_Prompt_. Would you reproduce the data below exactly, please, leaving out its images?

_Source material_.
┌──

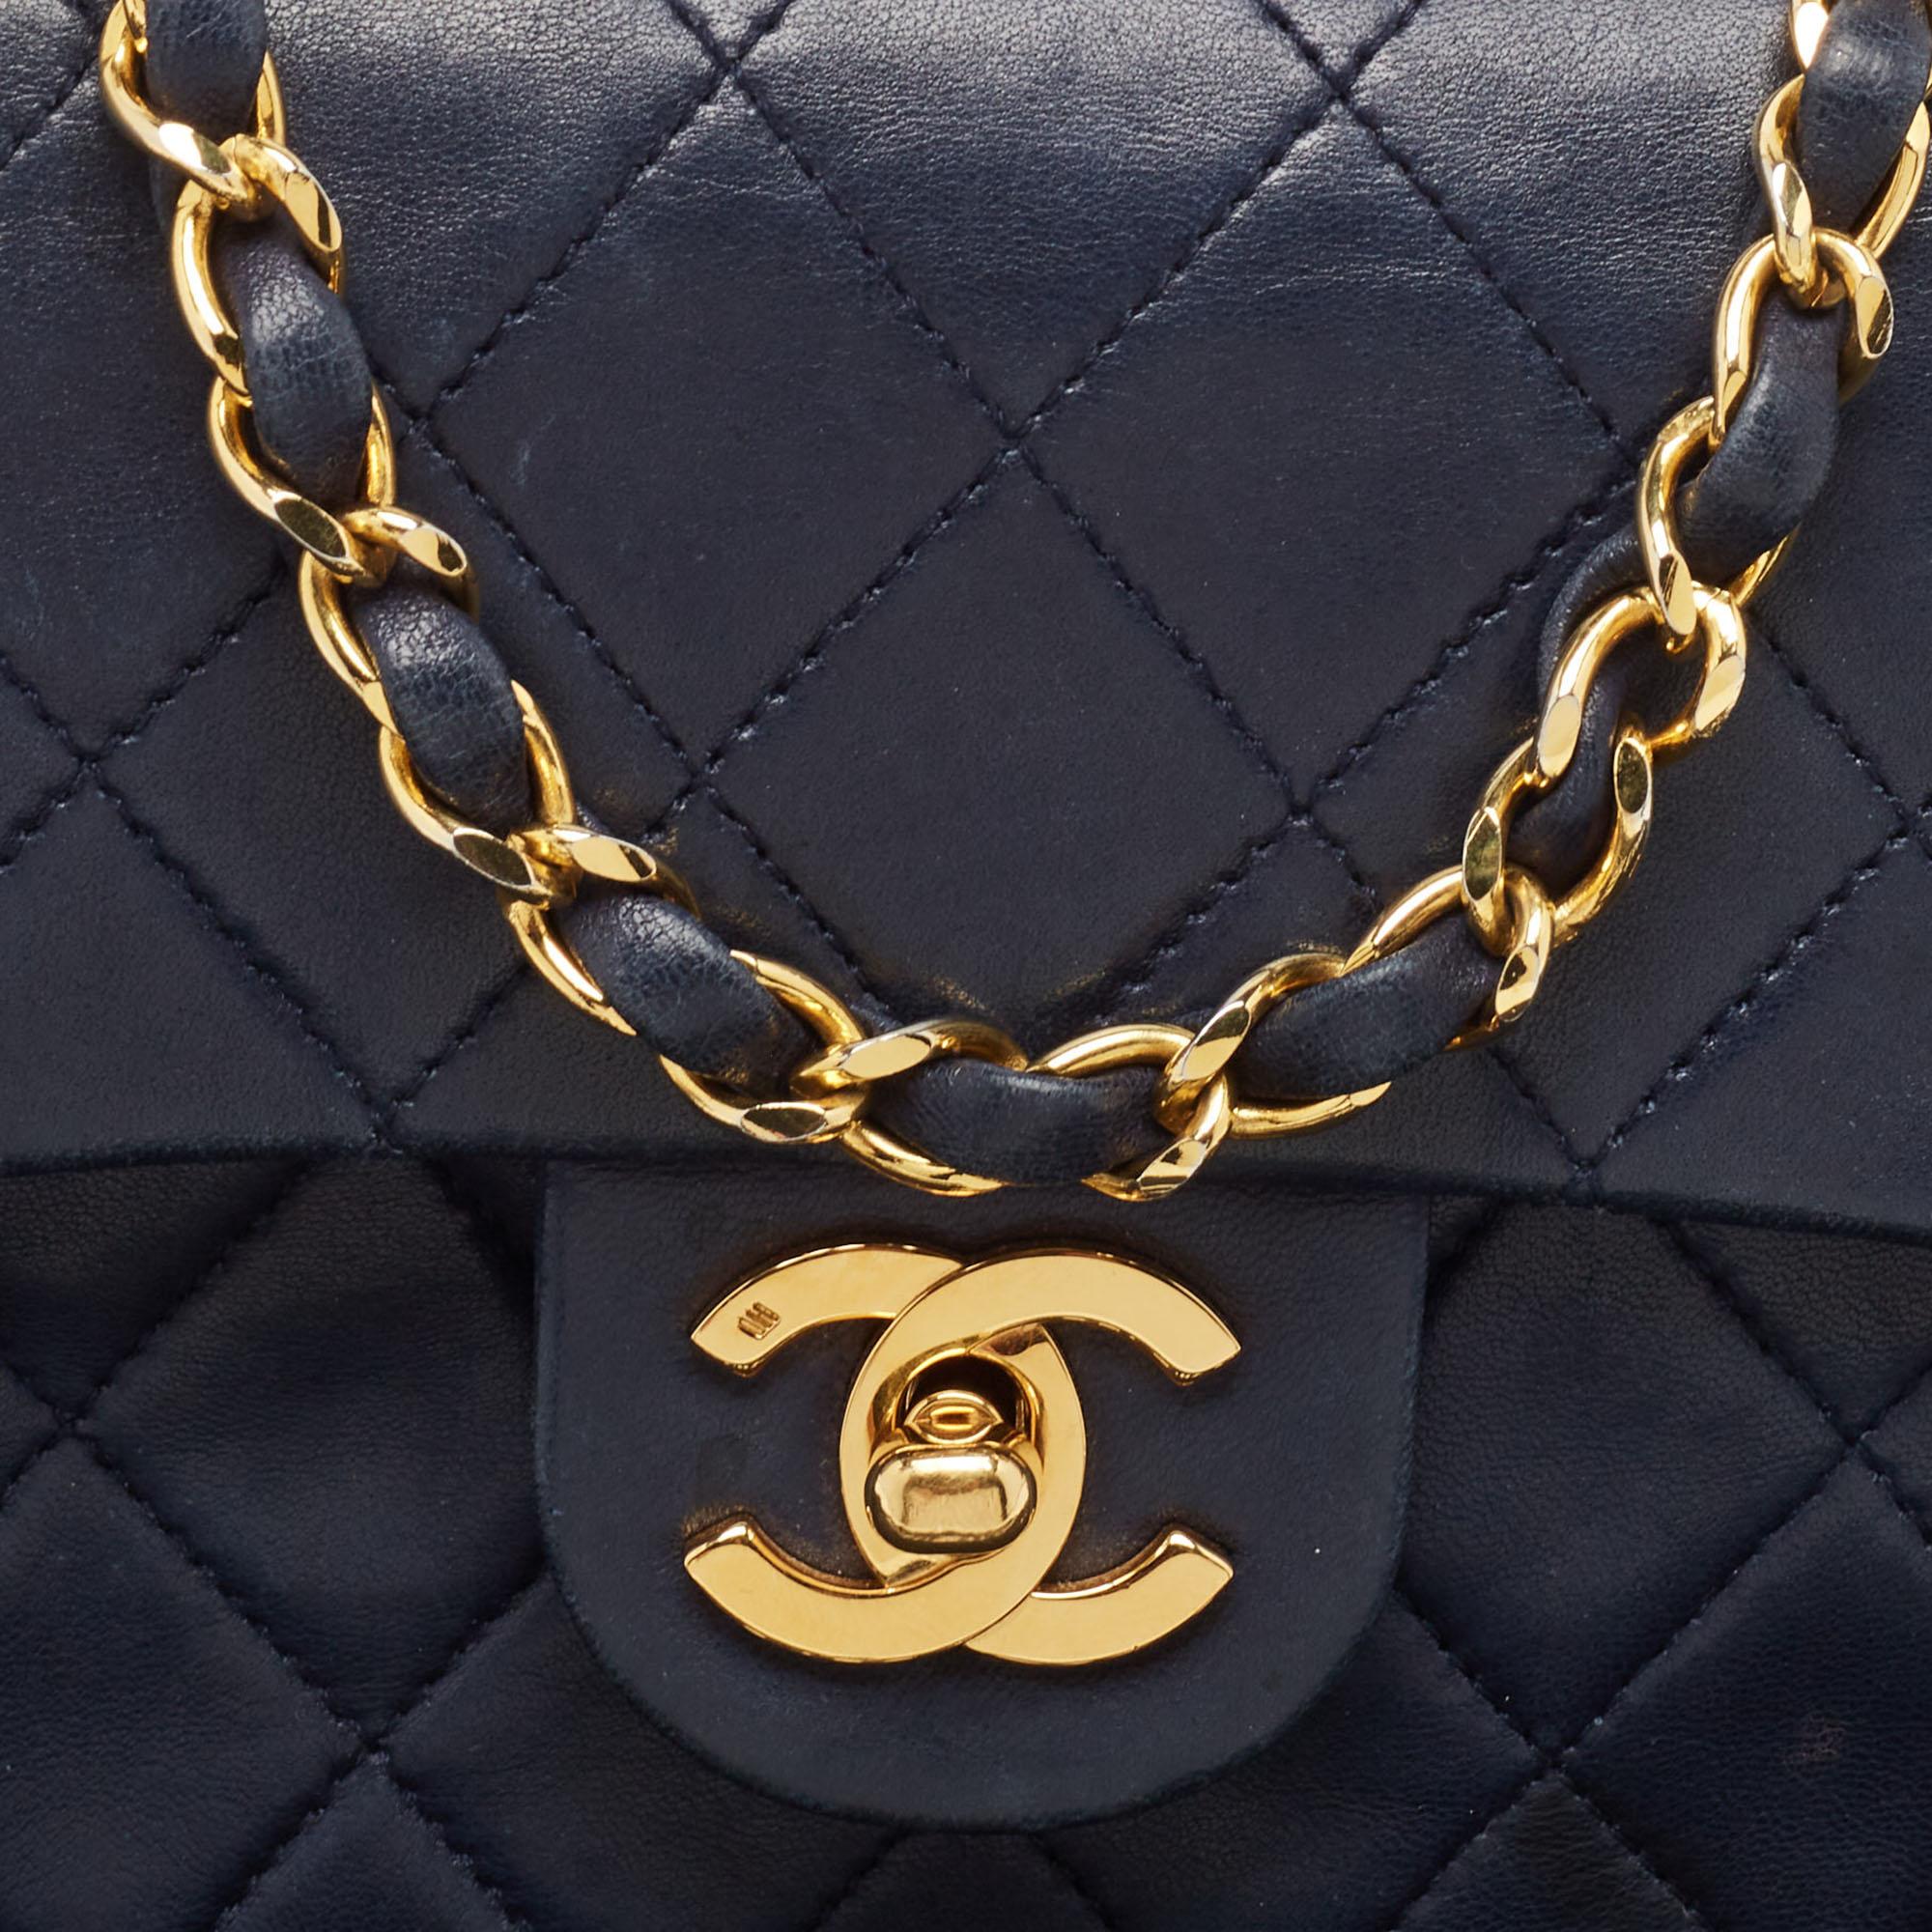 Chanel Navy Blue Quilted Leather Mini Vintage Square Flap Bag For Sale 6
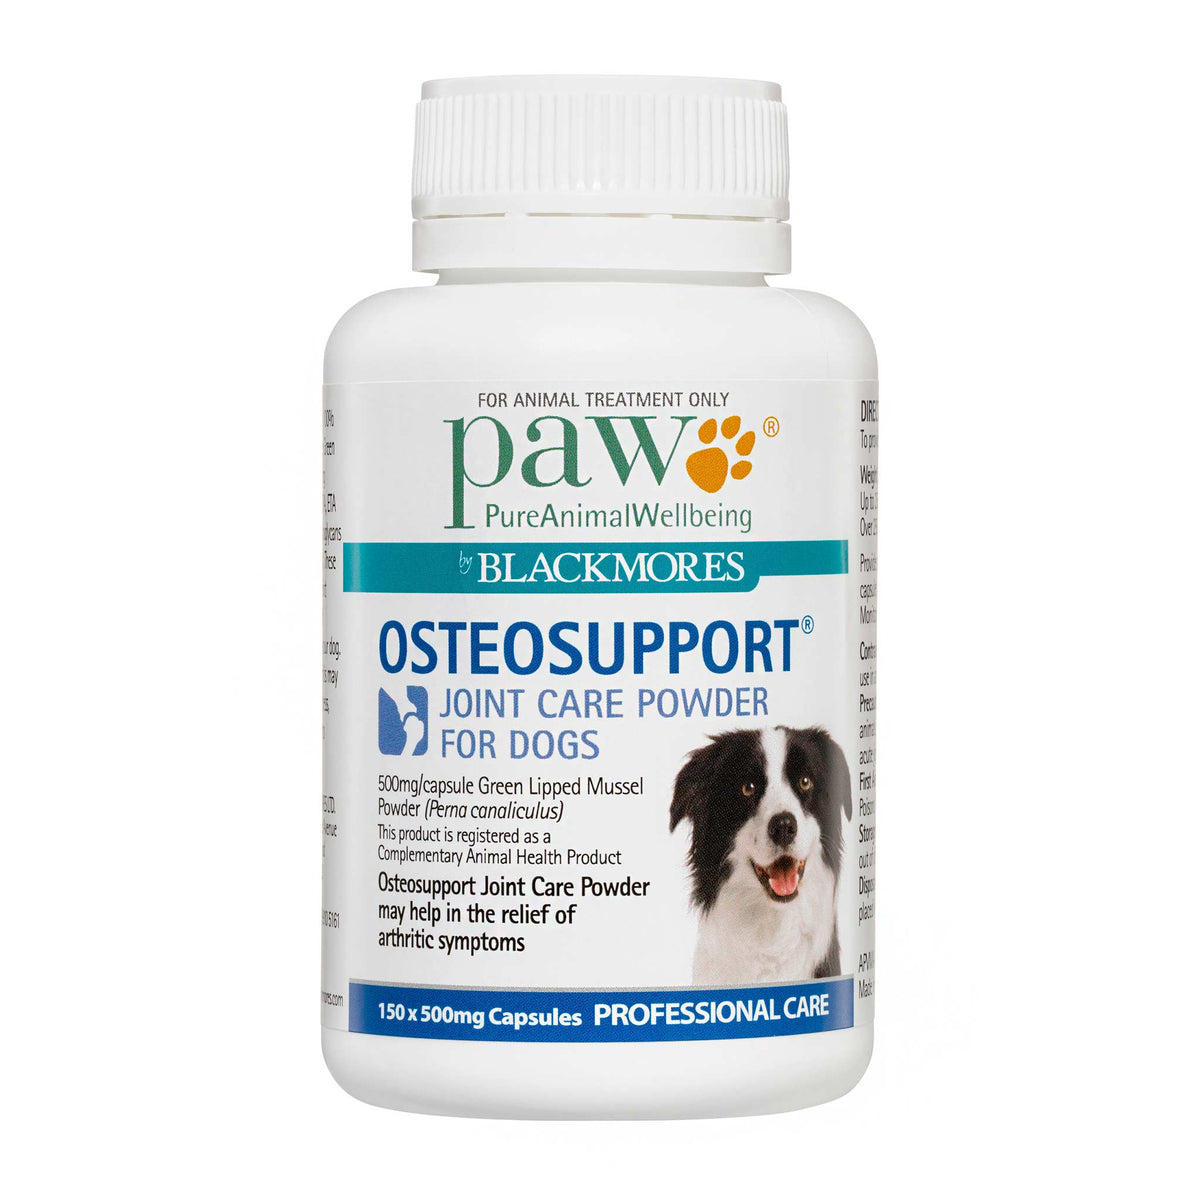 PAW Osteosupport Joint Care Powder for Dogs
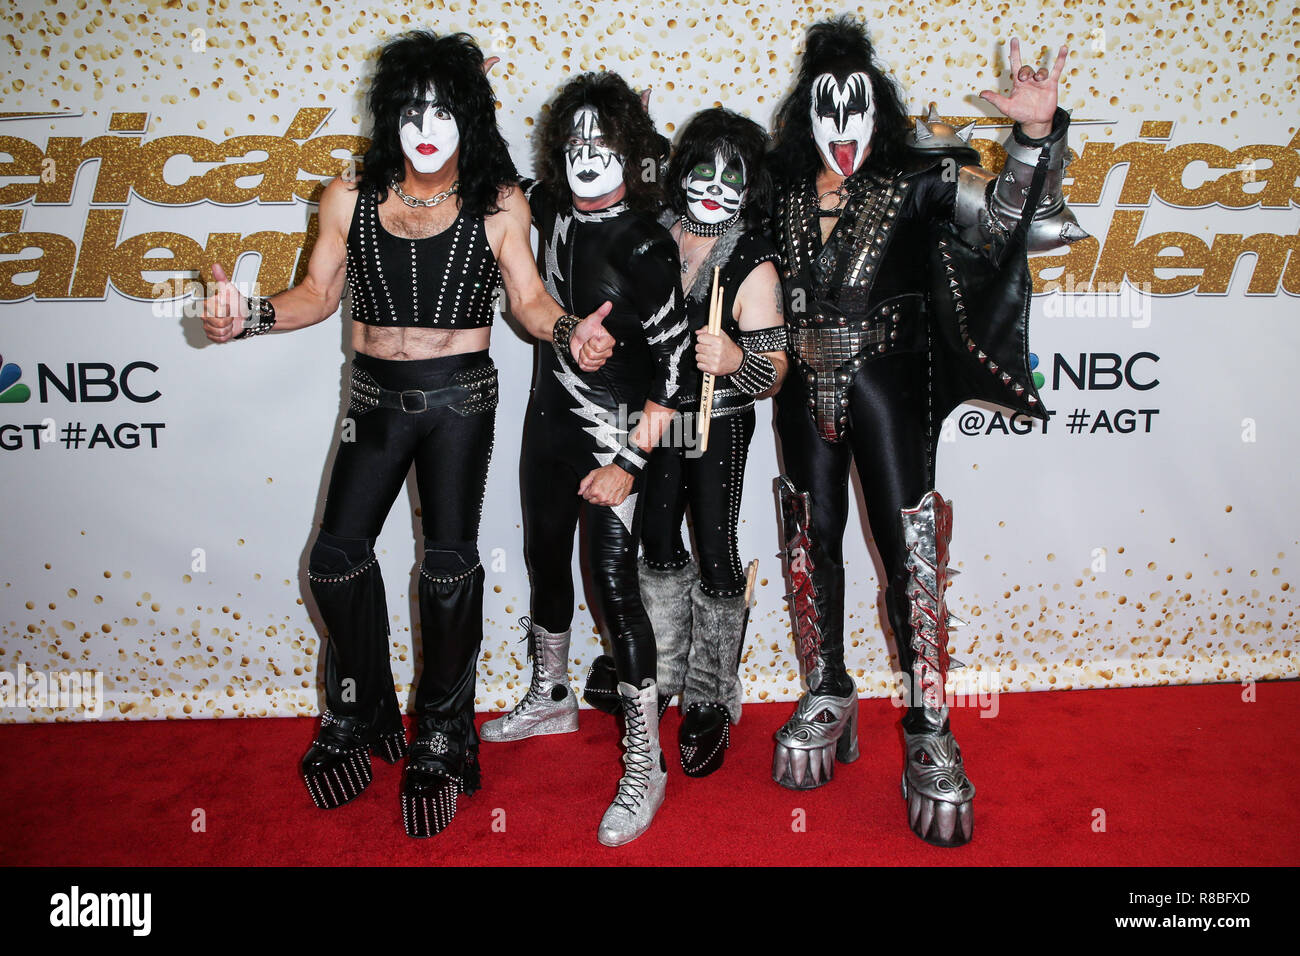 HOLLYWOOD, LOS ANGELES, CA, USA - SEPTEMBER 19: Paul Stanley, Tommy Thayer, Eric Singer, Gene Simmons, Kiss at the 'America's Got Talent' Season 13 Finale Live Show Red Carpet held at Dolby Theatre on September 19, 2018 in Hollywood, Los Angeles, California, United States. (Photo by Image Press Agency) Stock Photo

└──

_Response to this task_.
 Chanel Navy Blue Quilted Leather Mini Vintage Square Flap Bag For Sale 6
 PAW Osteosupport Joint Care Powder for Dogs
 HOLLYWOOD, LOS ANGELES, CA, USA - SEPTEMBER 19: Paul Stanley, Tommy Thayer, Eric Singer, Gene Simmons, Kiss at the 'America's Got Talent' Season 13 Finale Live Show Red Carpet held at Dolby Theatre on September 19, 2018 in Hollywood, Los Angeles, California, United States. (Photo by Image Press Agency) Stock Photo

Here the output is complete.